This approach achieves more stable and better results than the previous study. Although the AUC value in the test dataset did not improve by much (from 0.65 to 0.69), the dispersion of the AUC values in the CV was much lower in this study than its predecessor. Therefore, despite a modest improvement, the results are more reliable, which is an important aspect of clinical practice. Moreover, these results must be considered with the limitations added to the database (in line with objective 3 of this study). First, some variables were removed, such as baseline data (age, how long ago the patient was diagnosed with the disease, some baseline questionnaires, etc.), as some variables may have caused problems regarding replicability and transfer to other sites. For example, there are variables that are not very commonly extracted (such as left ventricular ejection), and some local questionnaires are not used worldwide. Moreover, these variables are not very predictive since they do not represent the patient’s daily information. Second, customized patient alerts were discarded to avoid conflicts with the clinician’s expertise when transferring the patient to other locations. Finally, for the last four years of the study period, the use of home treatments was recorded; therefore, this missed information may mislead the training process.

In the previous study, only the weight trend was used. In this study, the trend of the rest of the variables was analyzed to check if they might be a CDE predecessor. Unfortunately, the Boruta feature selection filter discards most of these variables. Therefore, we conclude that the trend is not significant in the rest of the variables, at least in the context of this study.

Once the models were trained, the impact of each variable on the prediction performance was studied. In the case of XGBoost, the most important variables are related to the last-day recordings of vital variables. Regarding the questionnaires, the most important variables are those concerning well-being, ankles, and orthopnoea. Patient self-assessments are also useful for predicting mortality and hospitalization. In the literature, strong correlations have been observed between the scores and functional class and the number of HF CDEs that require hospitalizations: worse self-assigned scores are associated with increased hospitalization rates, a worse quality of life, and decreased survival [33,34,35]. These variables are expected to be the indicators of HF cardiac decompensation because they indicate the worsening of the patient. Although this analysis can be conducted using the XGBoost model, logistic regression feature importance traditionally provides a much better comprehension of the model behavior. In this case, we found that weight gain is the most important variable (taking into account the importance that it gives to all weight variables), which is in agreement with the literature: Chaudhry et al. [14] found significant increases in body weight, beginning at least 1 week before hospitalization for HF. Moreover, during this time period, the risk of HF hospitalization increases in a monotonic fashion with increasing amounts of weight gain. Changes in weight, especially over short periods of time, can be good indicators of volemic worsening. However, many studies on this subject are controversial, indicating that little or no weight gain is observed before an episode of decompensation or that modest weight loss is observed after the clinical compensation of an acute HF CDE. In many cases, cardiac decompensation may occur, not due to the build-up of fluid but due to water redistribution from the periphery to the lungs via neurohumoral and inflammatory acute activation, leading to cardiac and vascular alterations that promote reduced venous capacitance and increased peripheral arterial resistance [36].

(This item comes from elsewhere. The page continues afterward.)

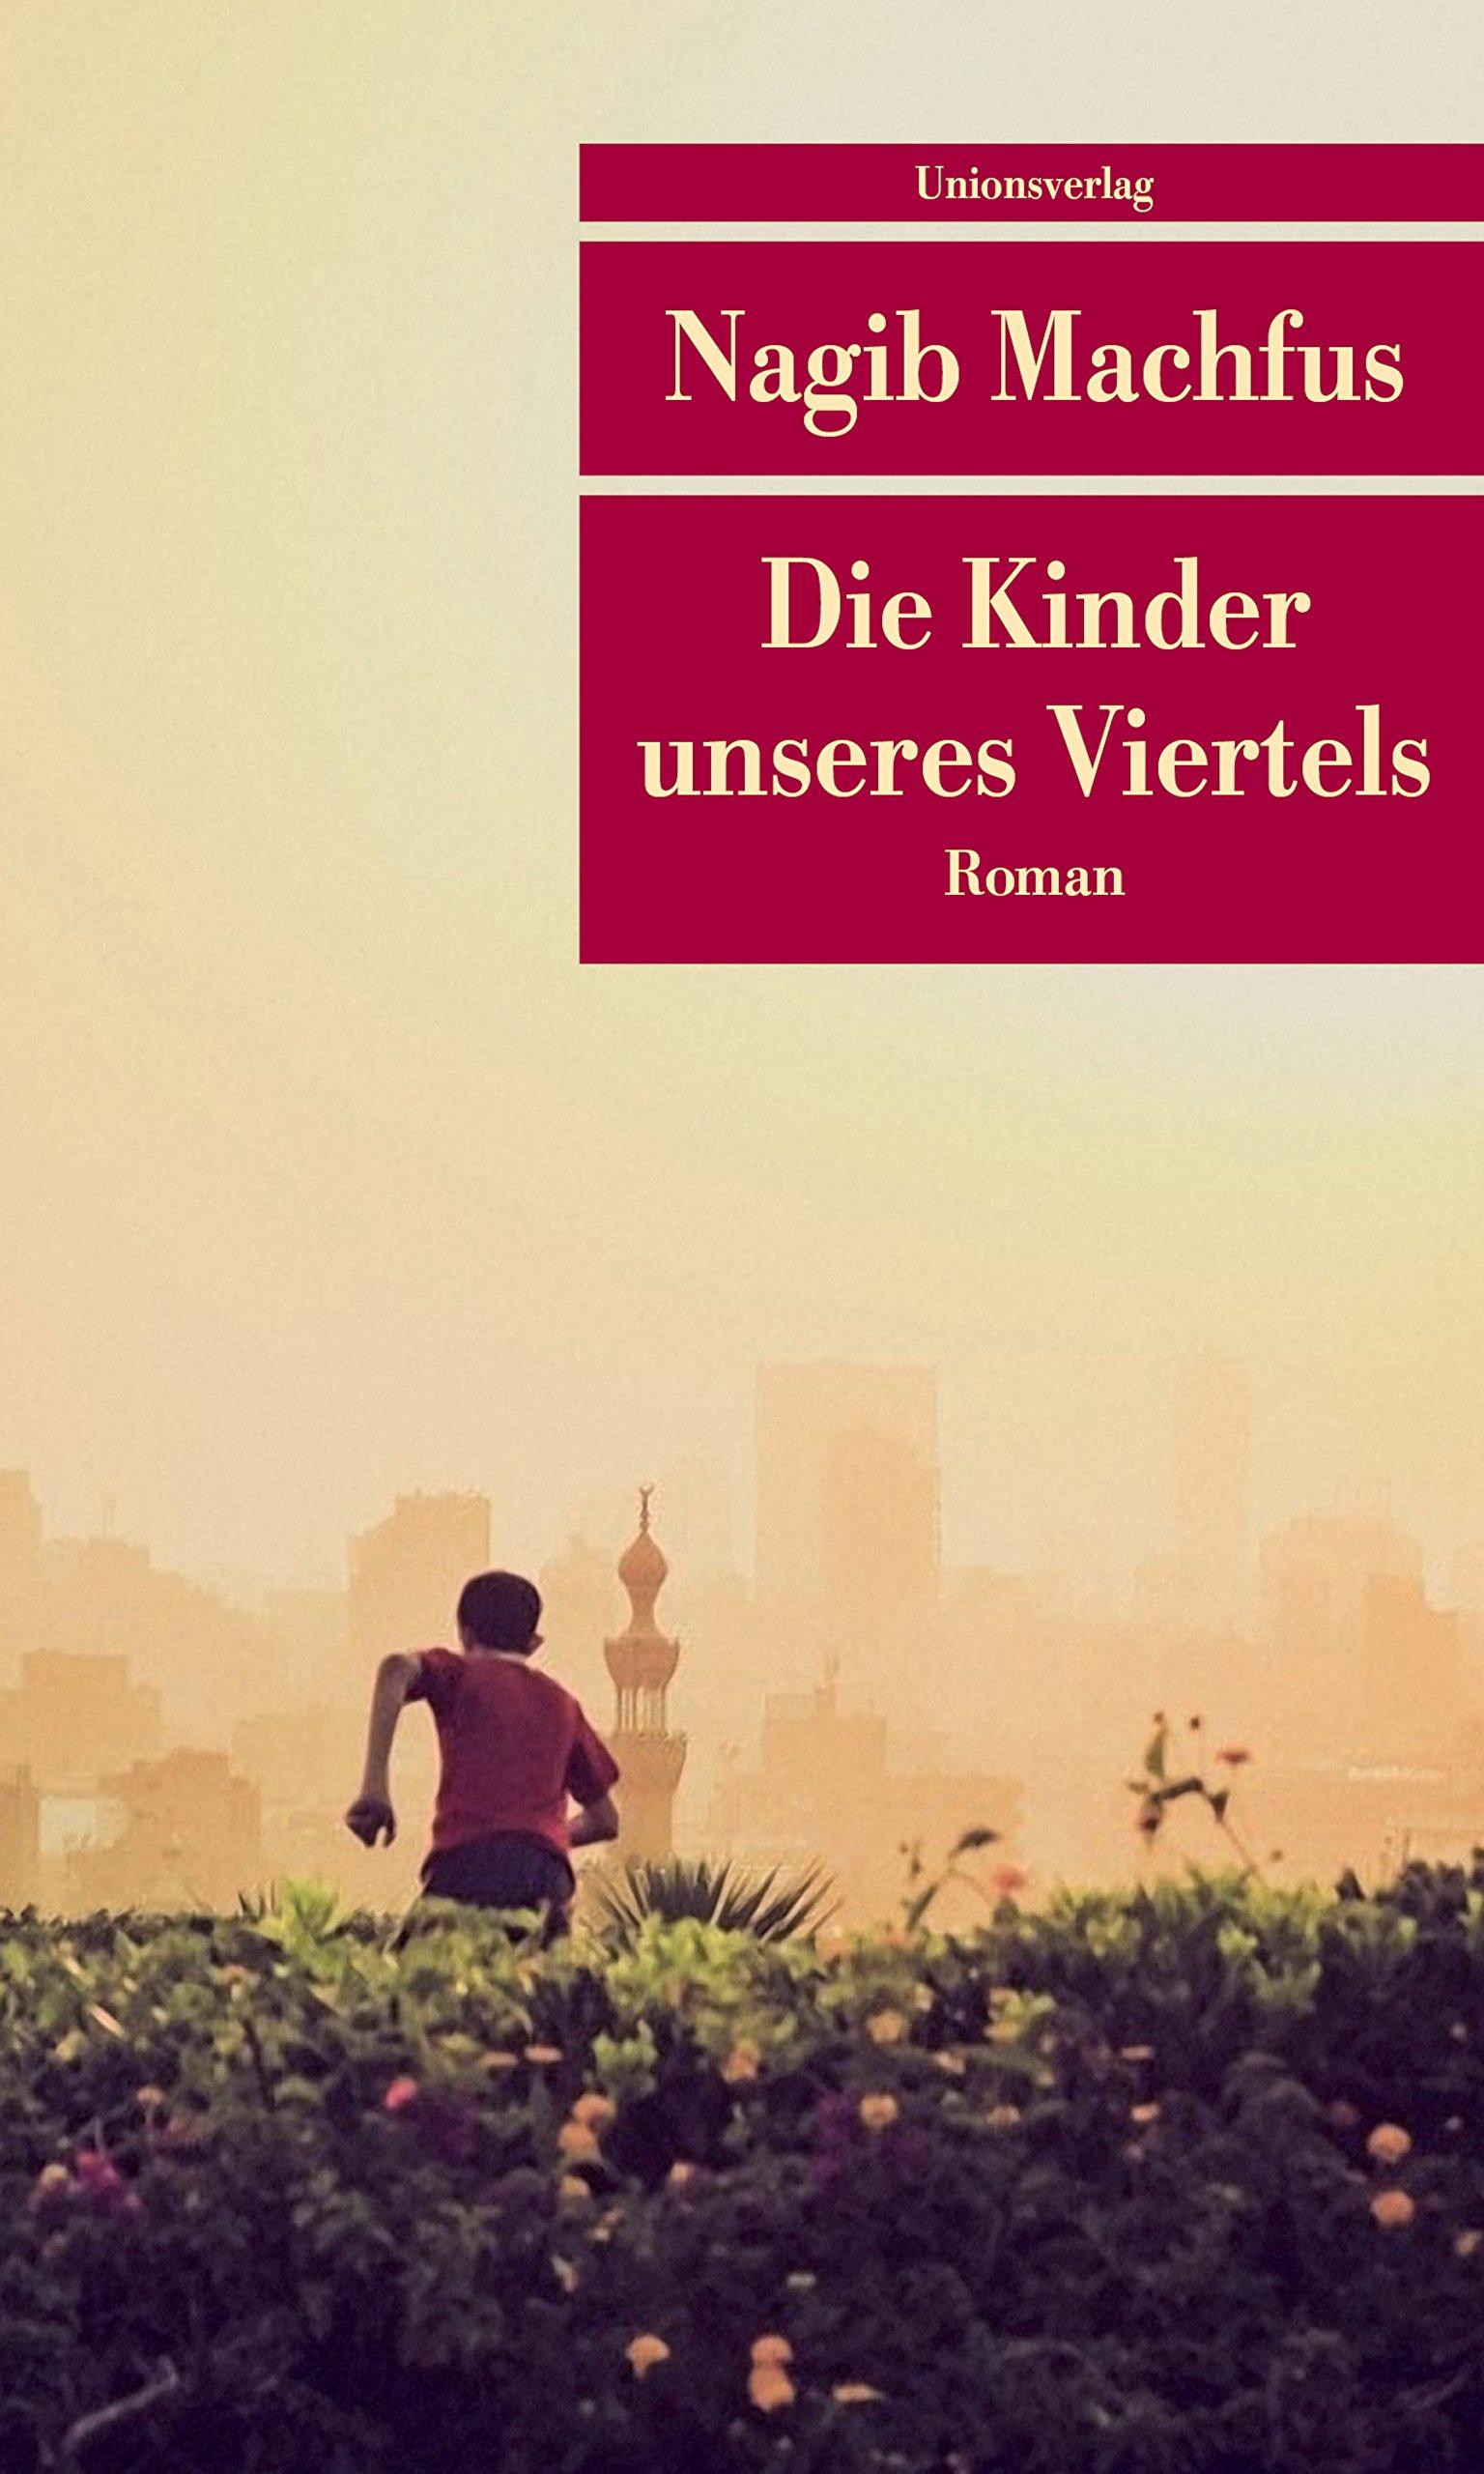 Die Kinder Unseres Viertels  Roman  Unionsverlag Taschenbücher

Moreover, the feature importance of logistic regression (see Figure 6) provides additional insights. The answers in the questionnaire regarding the final days of well-being, ankles, and orthopnoea provide relevant information about the increased risk of suffering from decompensation. On the contrary, we can appreciate that if a patient can go walking, as on previous days (Table 2, tag “Walks”), they are more likely to not experience decompensation. All of this information, which could seem trivial, is confirmed using a real data analysis. The clear explainability of the logistic regression model inclines clinicians to rely on this model and effectively implement it in their daily workflow.

On the contrary, logistic regression explainability has also made it easier to detect apparent contradictions. This is the case for the ankles’ variables. The values from the last day and two days before diagnosis have a risk-increasing impact, but the value for one day before has a decreasing risk impact. There is no clear explanation for this paradox; therefore, future work should be carried out to analyze whether this variable should be included in or removed from the study.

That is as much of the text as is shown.